Solving for Velocity of Spring-Supported Mass

[CaptainSFS]

Homework Statement

A spring is stretched a distance of Dx = 40 cm beyond its relaxed length. Attached to the end of the spring is an block of mass m = 8 kg, which rests on a horizontal frictionless surface. A force of magnitude 20 N is required to hold the block at this position. The force is then removed.

Homework Equations

W=Fd

KE=(.5)(m)(v)^2

KE(final) - KE(initial) = W

The Attempt at a Solution

I first found work, which I calculated (20N)(.4m) = 8 J

Then I plugged it into: 8 J = (.5)(8kg)(0m/s) - (.5)(8kg)(v)^2

8 = 0 - 4(v)^2

I end up with -(sqrt(2)) or +(sqrt(2)), but neither of those are correct.
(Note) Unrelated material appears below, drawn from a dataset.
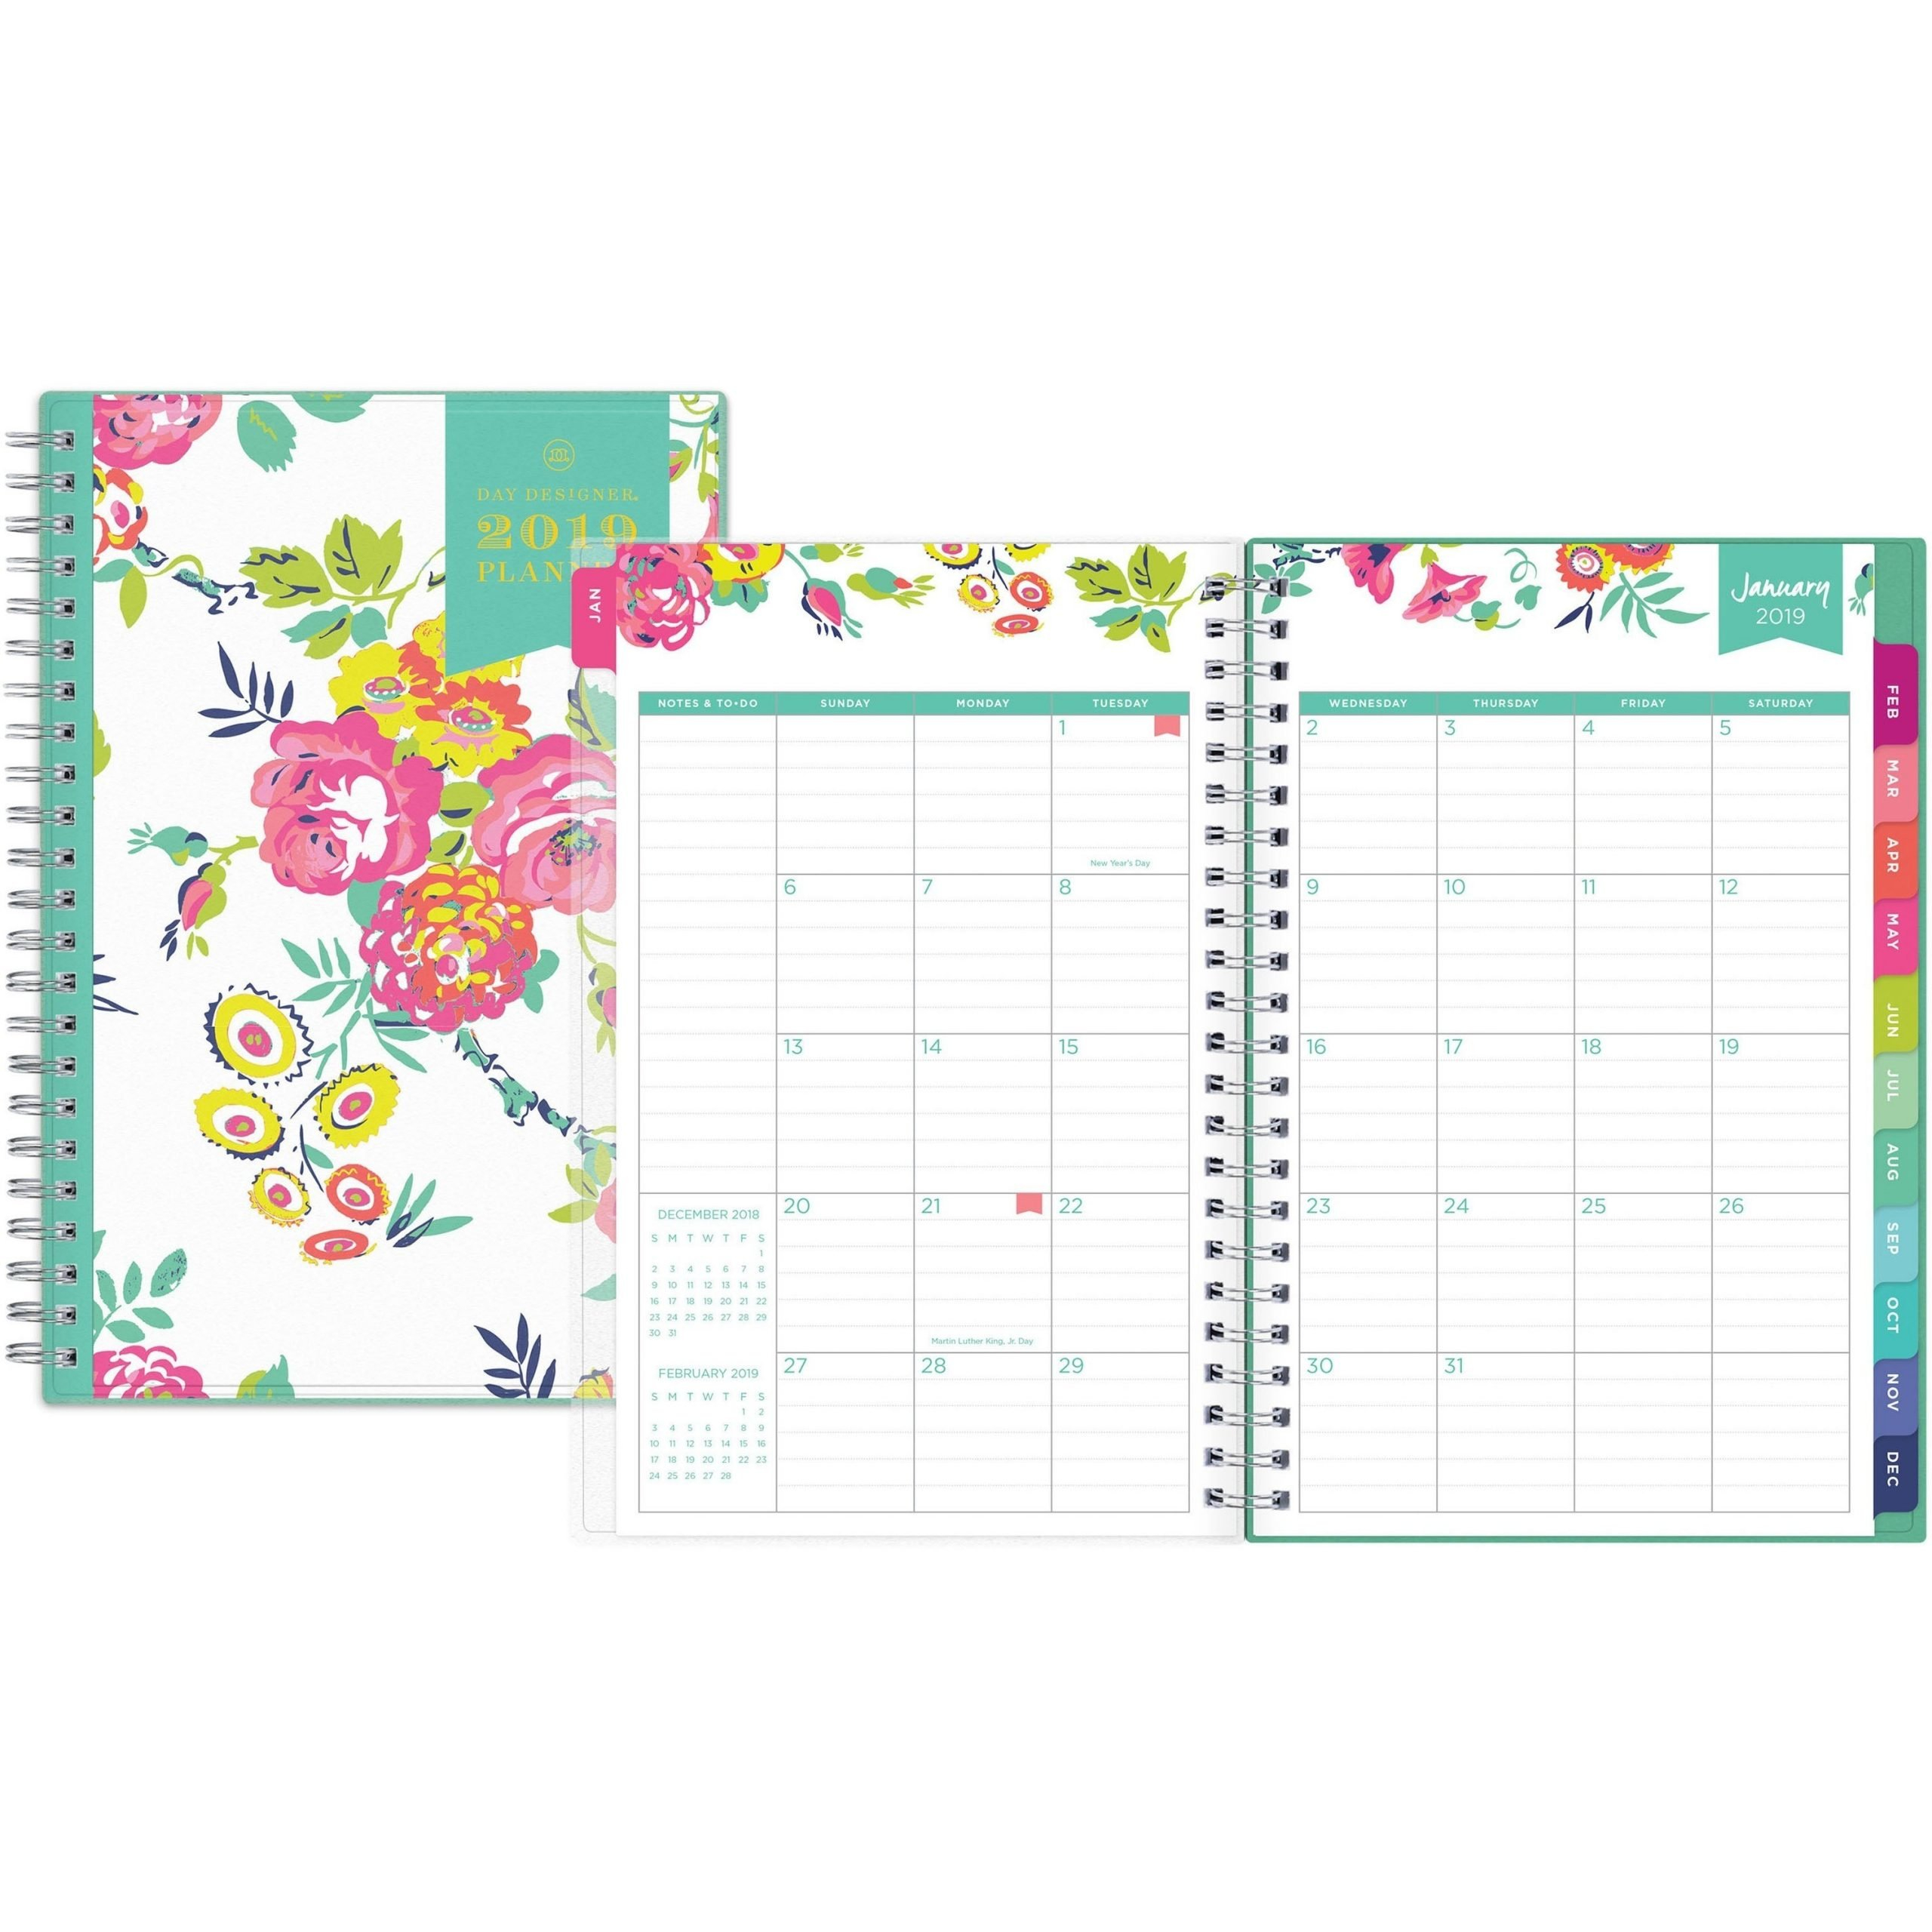 Calendar 3 X 3 3 Benefits Of Calendar 3 X 3 That May 5 X 8 Calendar Template

Any ideas with what I am doing wrong?

 

[Galileo's Ghost]

Keep in mind that the spring exerts a force of 20 N only when the spring is stretched to 40 cm. Think about how much force the spring would exert if the block were at the equilibrium position (its relaxed position). The force is not constant during the motion from the 40 cm mark to the relaxed position.

 

[CaptainSFS]

oh, how would i calculate the velocity then, if it's not 20 N when it returns? or if i use the same formula (KE(final) - KE(initial) = W), how would I calculate that Work?

 

[Galileo's Ghost]

Consider the average force on the block when determining the Work done on it from the spring.

 

[CaptainSFS]

oh alright thanks. I see now, that was easier than I was thinking. thanks!